The Awkwardness of Functional Programming
Both Reddit’s main page and programming subreddit includes a popular post “Admitting that functional programming can be awkward.” Each of these subreddits have elicited numerous interesting responses.
In it, James Hague recounts how a semi-successful Mac game he wrote called Bumbler is trivial to write in C, but that a purely functional approach appeared to be barely doable and may well be the wrong paradigm for these types of problems:
What's interesting is that it would be trivial to write this in C. Some incrementing, some conditions, direct calls to sound playing routines and insect spawning functions, reading and writing from a pool of global counters and state variables. For a purely functional approach, I'm sure the data flow could be puzzled out...assuming that everything was all perfectly planned and all the behaviors were defined ahead of time. It's much more difficult to take a pure movement function and say "okay, what I'd like is for this object to gravitationally influence other objects once it has bounced off of the screen edges three times." Doable, yes. As directly implementable as the C equivalent? No way.

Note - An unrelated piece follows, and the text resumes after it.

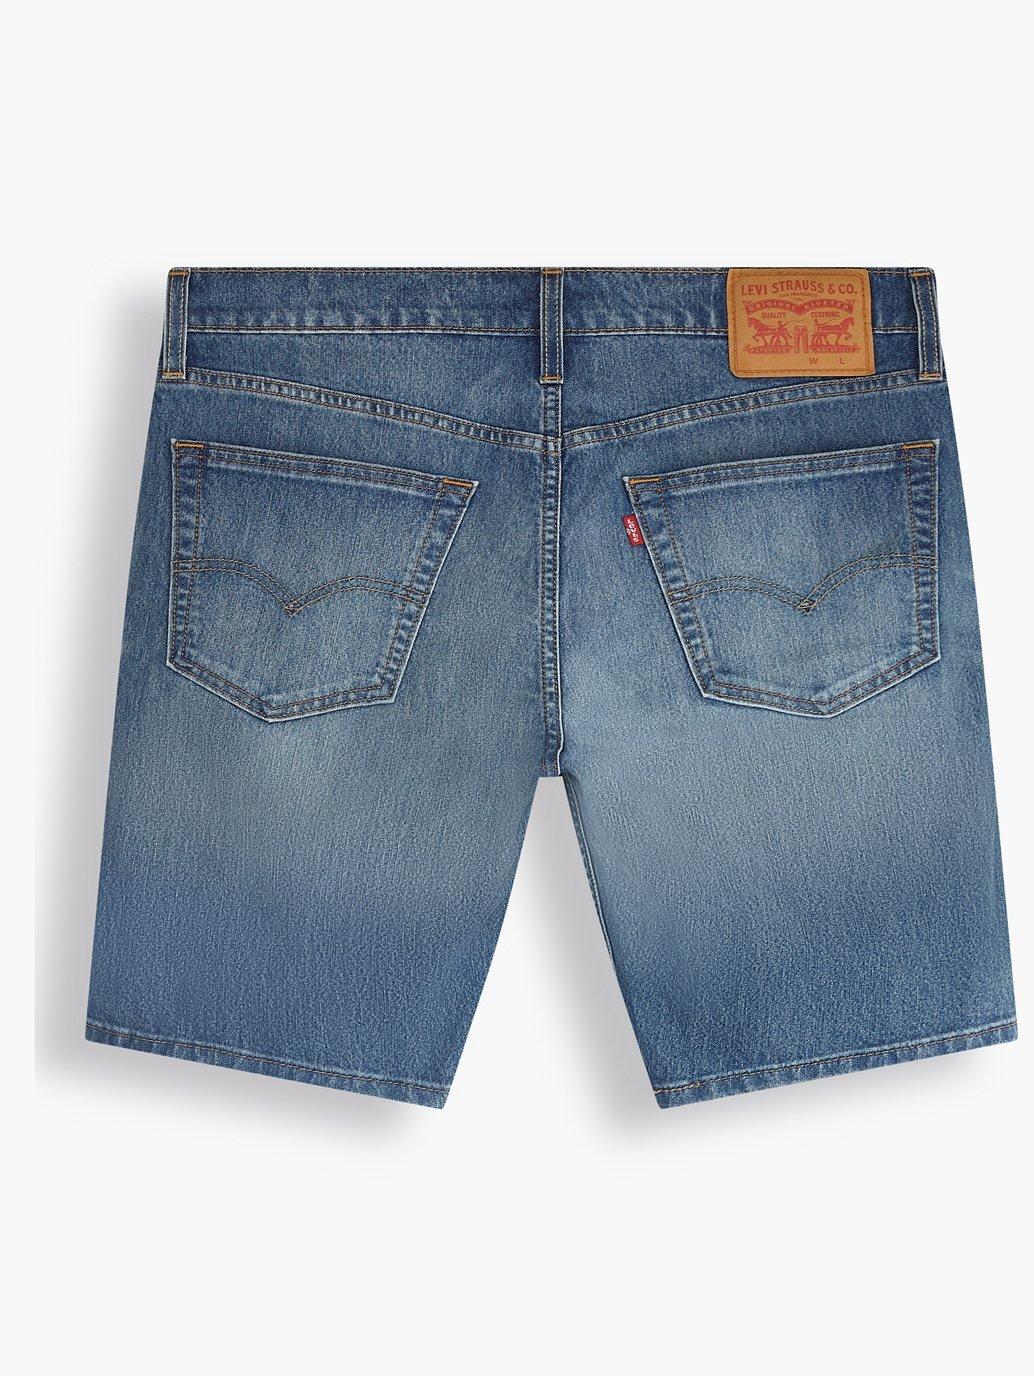 levis singapore mens standard jean shorts 398640067 22 Details

That's one option: to admit that functional programming is the wrong paradigm for some types of problems. Fair enough. I'd put money on that. But it also may be that almost no one has been thinking about problems like this, that functional programming attracts purists and enamored students. In the game example above, some of the issues are solvable, they just need different approaches. Other issues I don't know how to solve, or at least I don't have solutions that are as straightforward as writing sequential C. And there you go...I'm admitting that functional programming is awkward in some cases. It's also extremely useful in others.

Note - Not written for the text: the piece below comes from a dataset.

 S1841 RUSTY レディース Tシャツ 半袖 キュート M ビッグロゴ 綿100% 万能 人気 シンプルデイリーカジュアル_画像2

It’s not always obvious, perhaps because people often continue to think imperatively when finding an functional approach. Rather than thinking that functional programming is not very compatible with game development, there might be a radically different way of thinking about a problem. I have encountered one computer engineering thesis called “Functional Programming and 3D Games” which specifically deals with the topic.
I have been in a similar situation a few times, but I have always been able to come up with an elegant, often unexpected, solution after thinking about the problem from a high level.

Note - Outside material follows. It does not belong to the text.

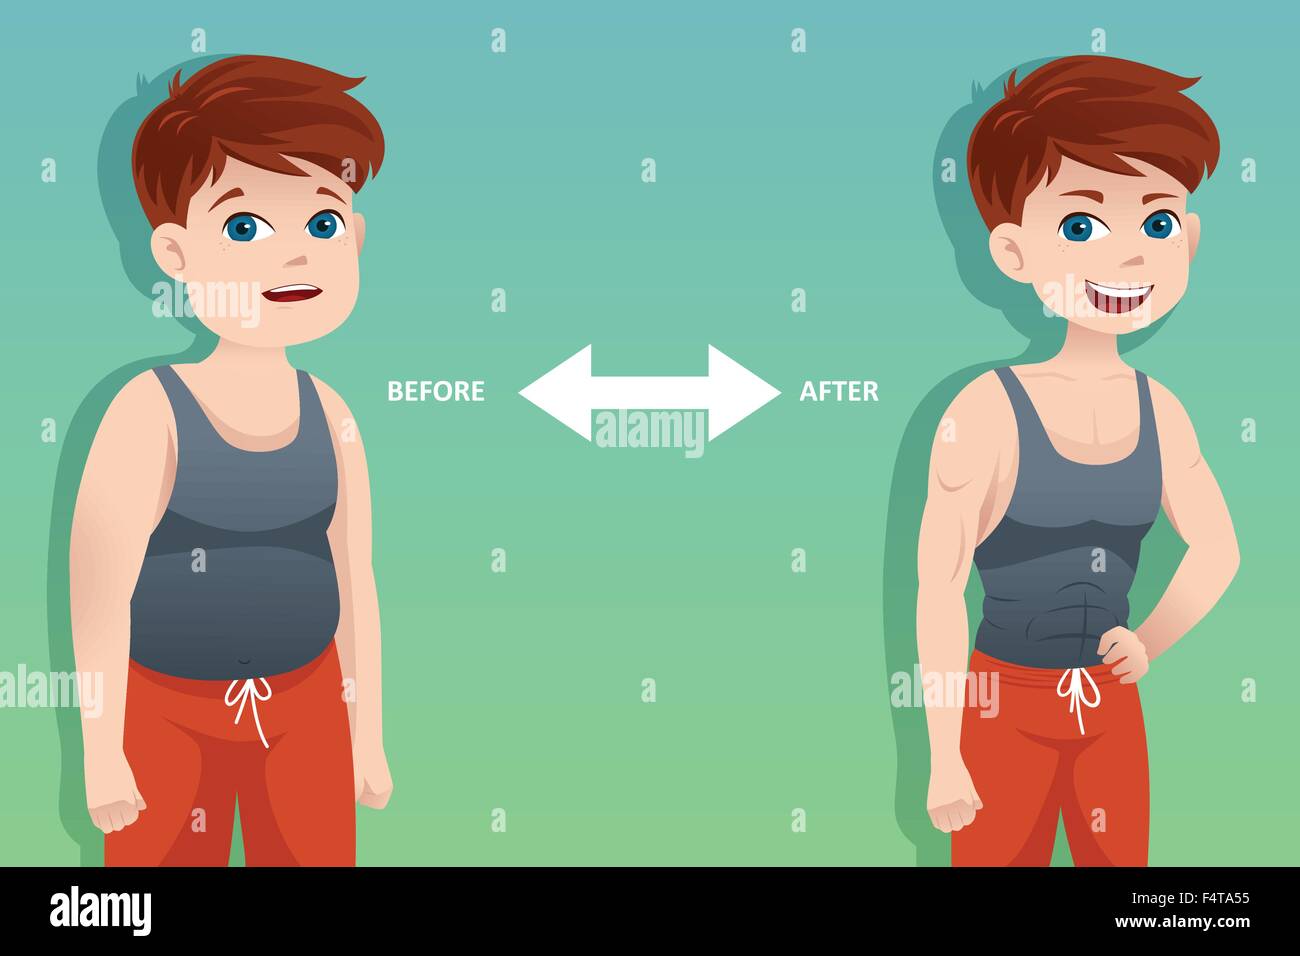 Eine Vektor-Illustration des Gewicht-Verlust-Konzept eines Mannes vor und nach der Diät Stock Vektor

In a functional pearl paper on the Zipper data structure, Gerard Huet writes about the apparent unsuitability of functional approach to many data structures, but then he proposed a new functional data structure called the Zipper to rectify these problems:
The main drawback to the purely applicative paradigm of programming is that many efficient algorithms use destructive operations in data structures such as bit vectors or character arrays or other mutable hierarchical classification structures, which are not immediately modeled as purely applicative data structures. A well known solution to this problem is called functional arrays (Paulson, 1991). For trees, this amounts to modifying an occurrence in a tree non-destructively by copying its path from the root of the tree. This is considered tolerable when the data structure is just an object local to some algorithm, the cost being logarithmic compared to the naive solution which copies all the tree. But when the data structure represents some global context, such as the buffer of a text editor, or the database of axioms and lemmas in a proof system, this technique is prohibitive. In this note, we explain a simple solution where tree editing is completely local, the handle on the data not being the original root of the tree, but rather the current position in the tree.
One of his examples of a tricky data structure—the database of axioms and lemmas in a proof system—hit close to home. I was trying to move my proof system to a more functional approach, which would offer me numerous benefits including immutability, automatic support for backtracking and shared copies as well as easy inclusion inside any other data structure. I did come up with a solution by utilizing a binary tree implementation with filters at each node, aggregated from each of the child nodes. These filters allow me to perform an arbitrary search in an efficient divide-and-conquer manner, whereby a subtree in which no child contains a desired property is left unexplored. It was faster and more light-weight than my previous imperative attempts, and also simpler, because I no longer needed to maintain and synchronize a separate data structure for indexing.